The Institute’s variable stability aircraft is used in simulating actual icing related to longitudinal handling anomalies as reported in NASA’s in-flight icing research program. A one-hour ground-based simulator training session in NASA’s Ice Contamination Effects Flight Training Device is included.

“Corda and Catherine Cavagnaro from the University of the South, also will be actively involved in this course,” Ranaudo said.
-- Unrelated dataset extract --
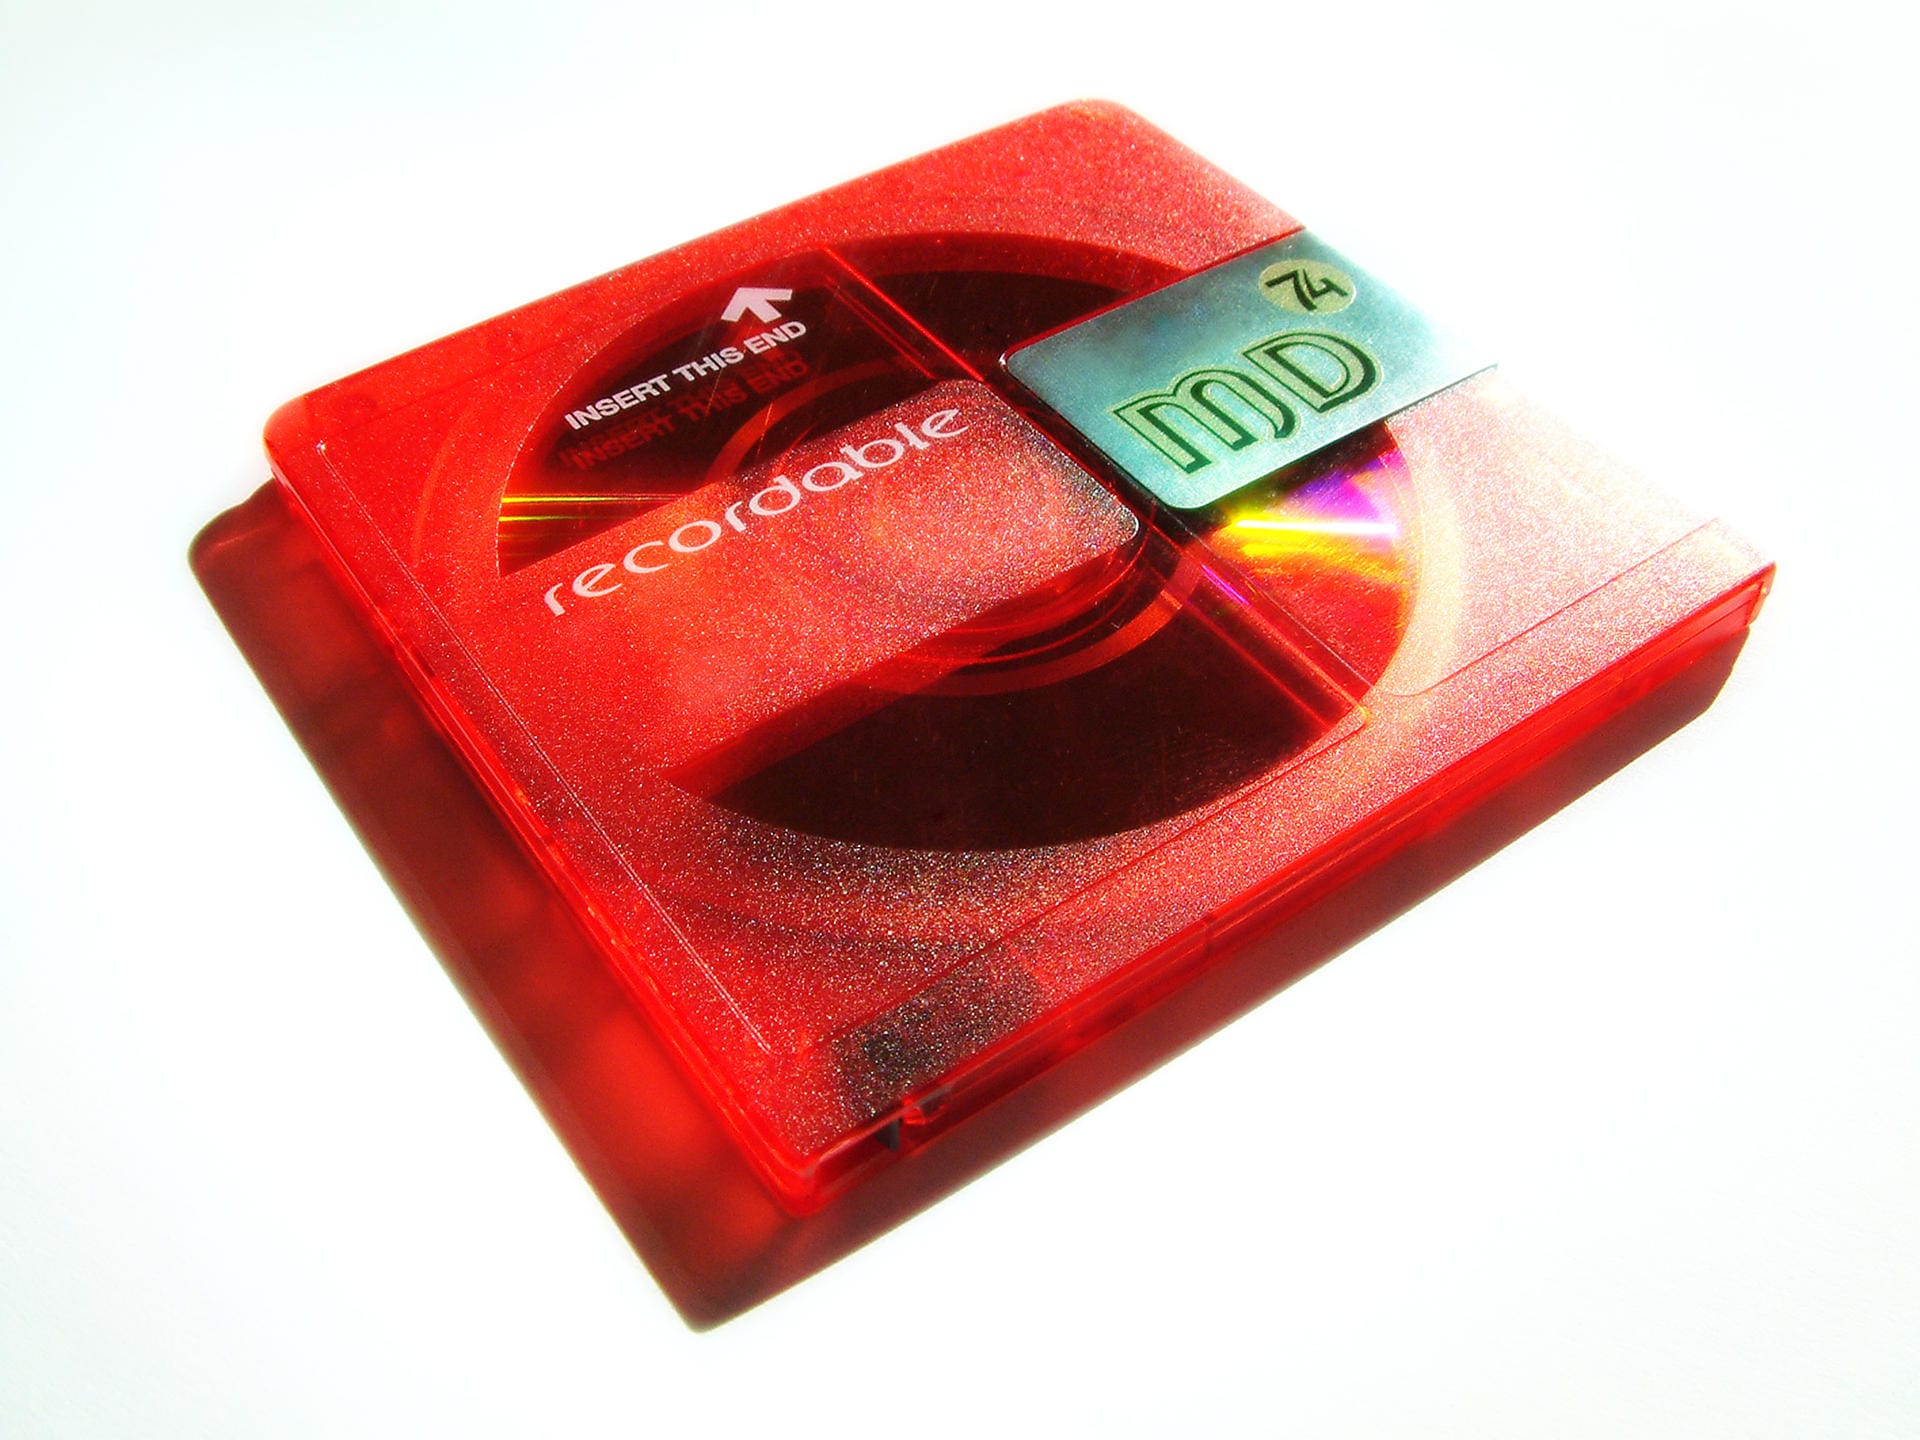 1991 präsentierte Sony die MiniDisc (MD) und wollte damit die Kassette als Speichermedium ablösen. Trotz seiner Vorteile, wie beispielsweise einem größeren Speicherformat, konnte sich die MiniDisc auf dem Massenmarkt aber nicht durchsetzen. Vor allem CDs machten den MDs später Konkurrenz. Im März 2013 beendete Sony die Produktion von Abspielgeräten für MiniDiscs.

Guest instructors will include the following:

Ben Bernstein, a research meteorologist at the National Center for Atmospheric Research, Tom Ratvasky, an employee of NASA Glenn Research Center, and Kurt Blankenship, research pilot at NASA Glenn, Cleveland, Ohio;

Andy Broeren, a research scientist in the Aerospace Engineering Department at the University of Illinois, Paul Pellicano, icing specialist at the Federal Aeronautics Administration’s Small Airplane Directorate, Tom Tibbals, a senior research engineer for the Aerospace Testing Alliance, Inc. at Arnold Engineering Development Center, and Ralph Woratschek, a lead aerospace engineer for the U.S. Army’s Aviation and Missile Research, Development, and Engineering Center at Redstone Arsenal, Ala.